§ **Problem to solve**: For this exercise, copy exactly only the lines from the one containing "RCExpress Logo" to the final line of the material below, without the pictures.

§ **Source data**:
# # #

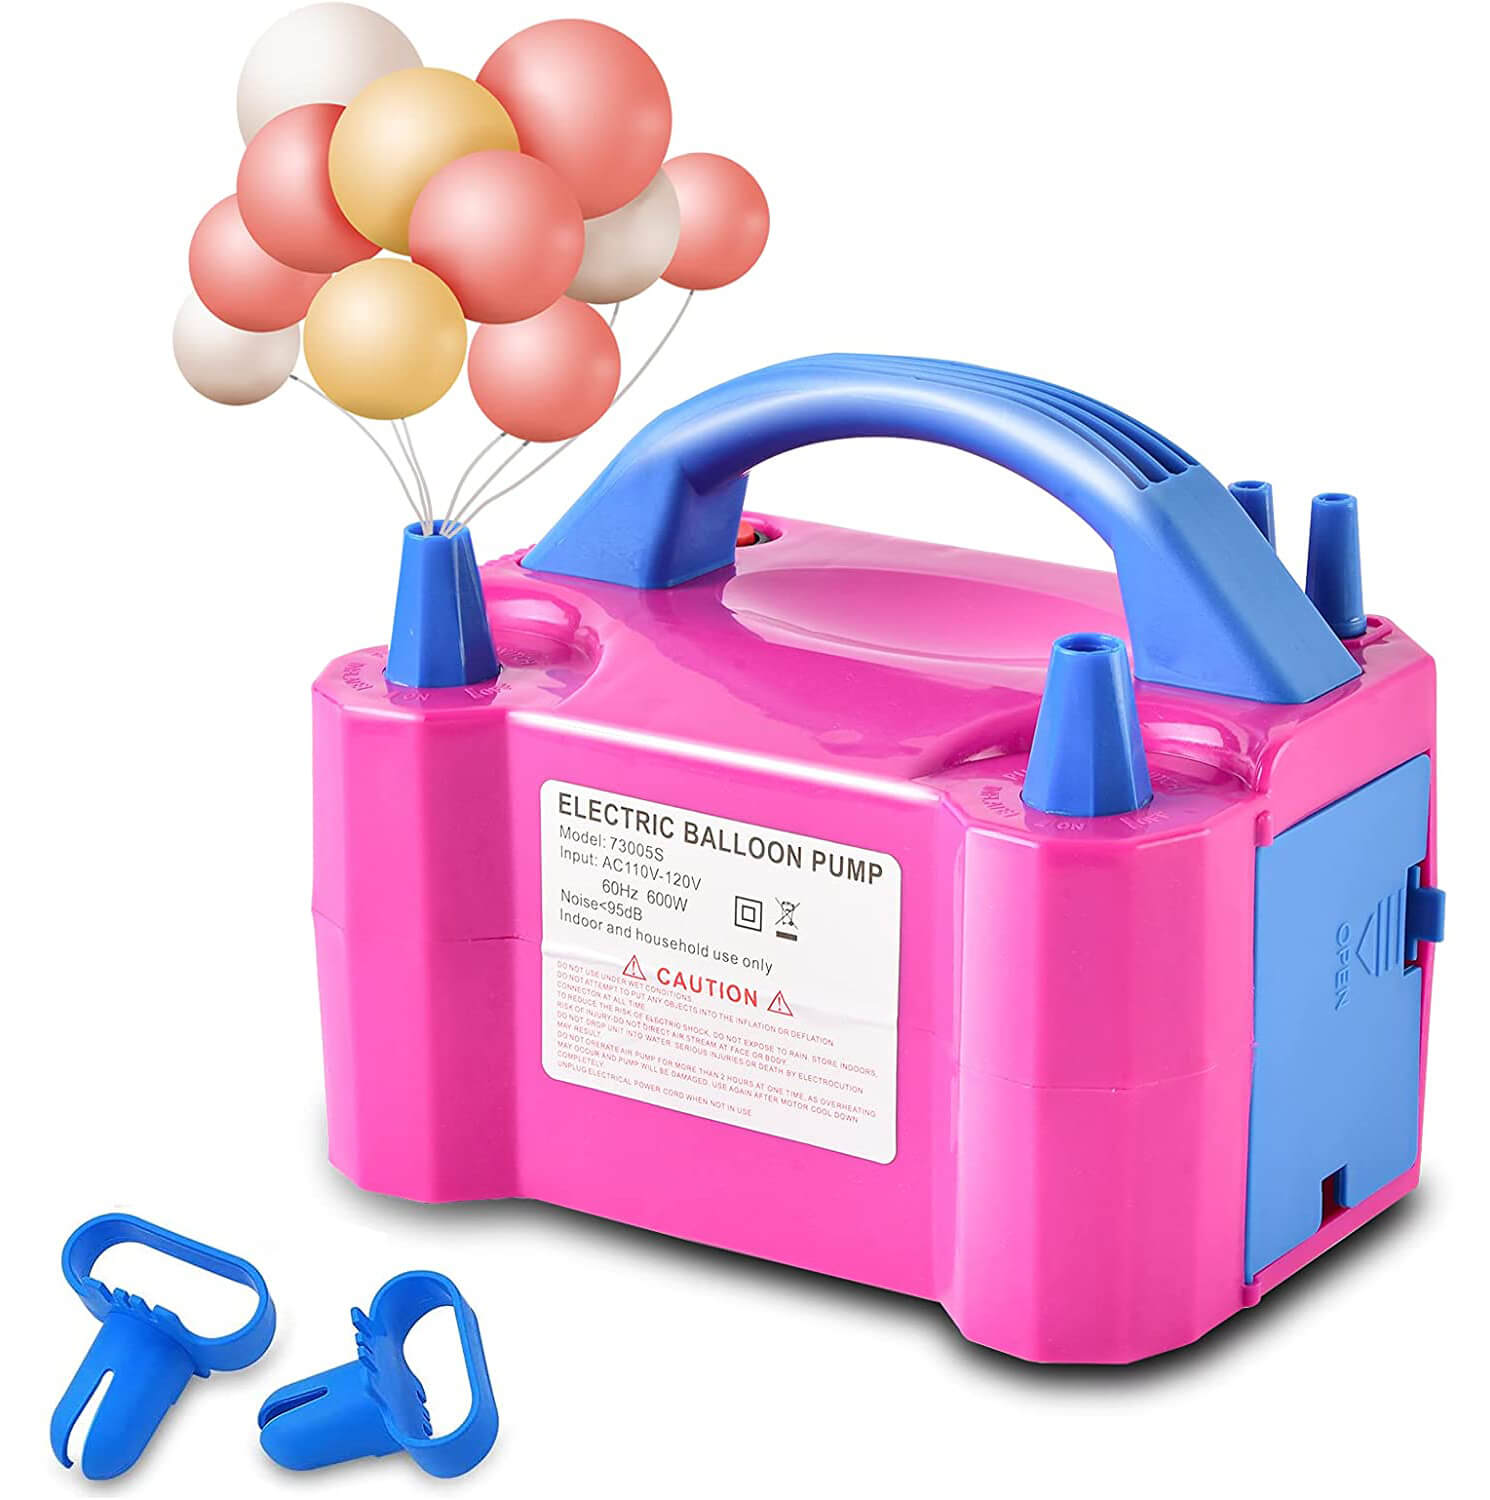 Electric balloon inflator pump
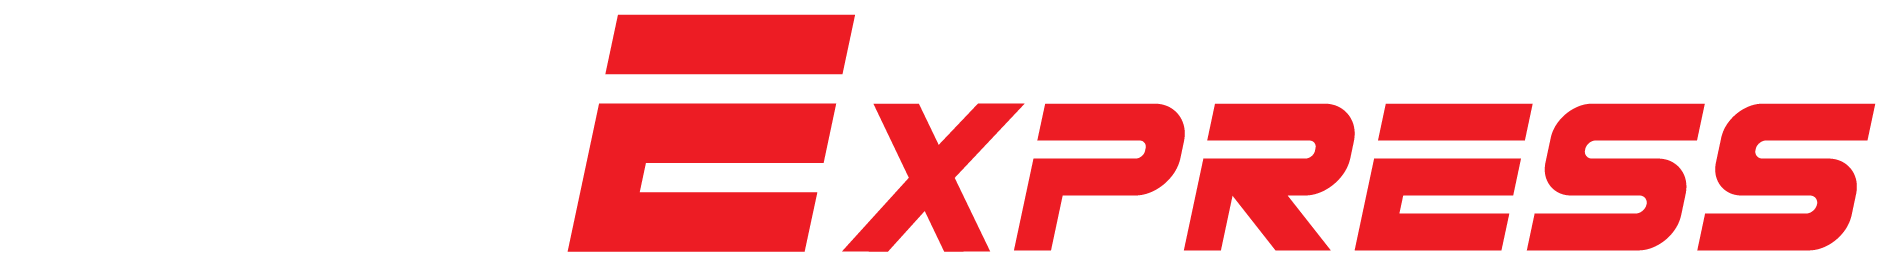 RCExpress Logo
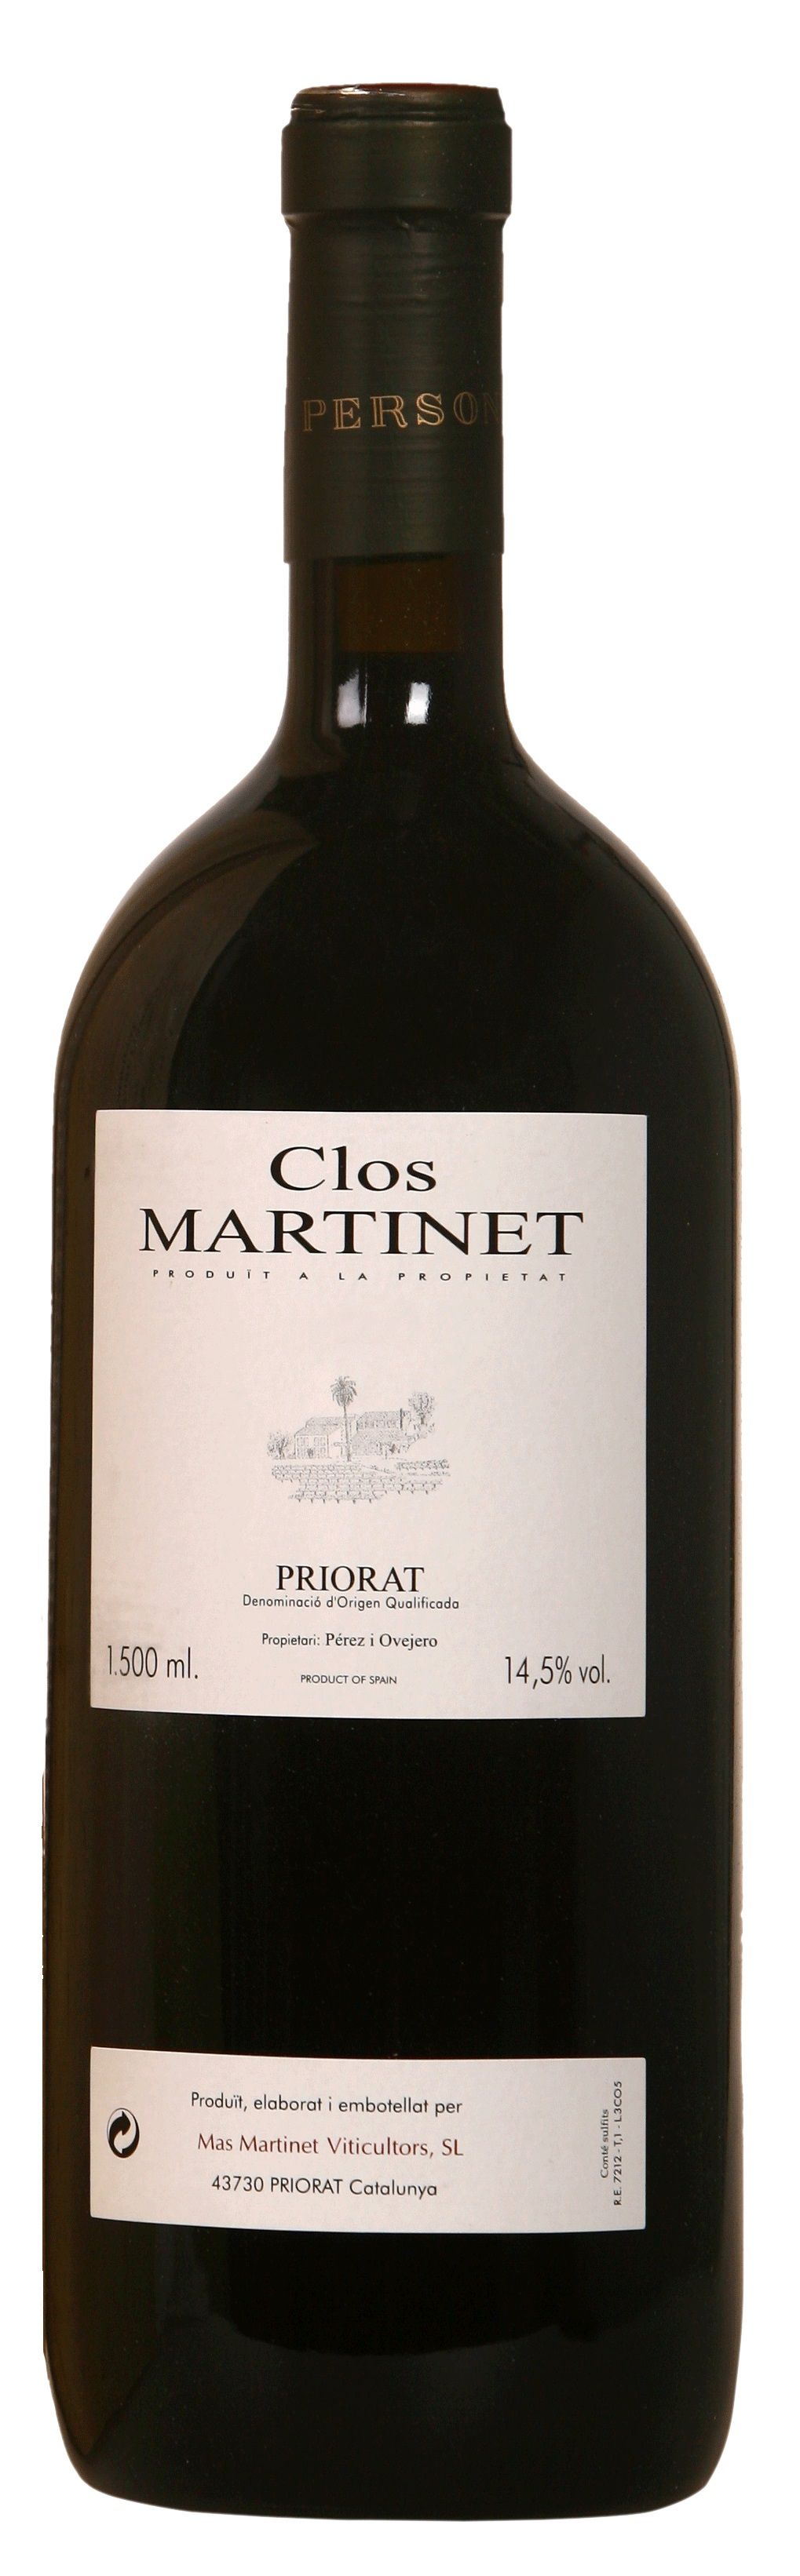 Mas Martinet, Clos Martinet, 2016

# # #

§ **Written solution**:
 RCExpress Logo
 Mas Martinet, Clos Martinet, 2016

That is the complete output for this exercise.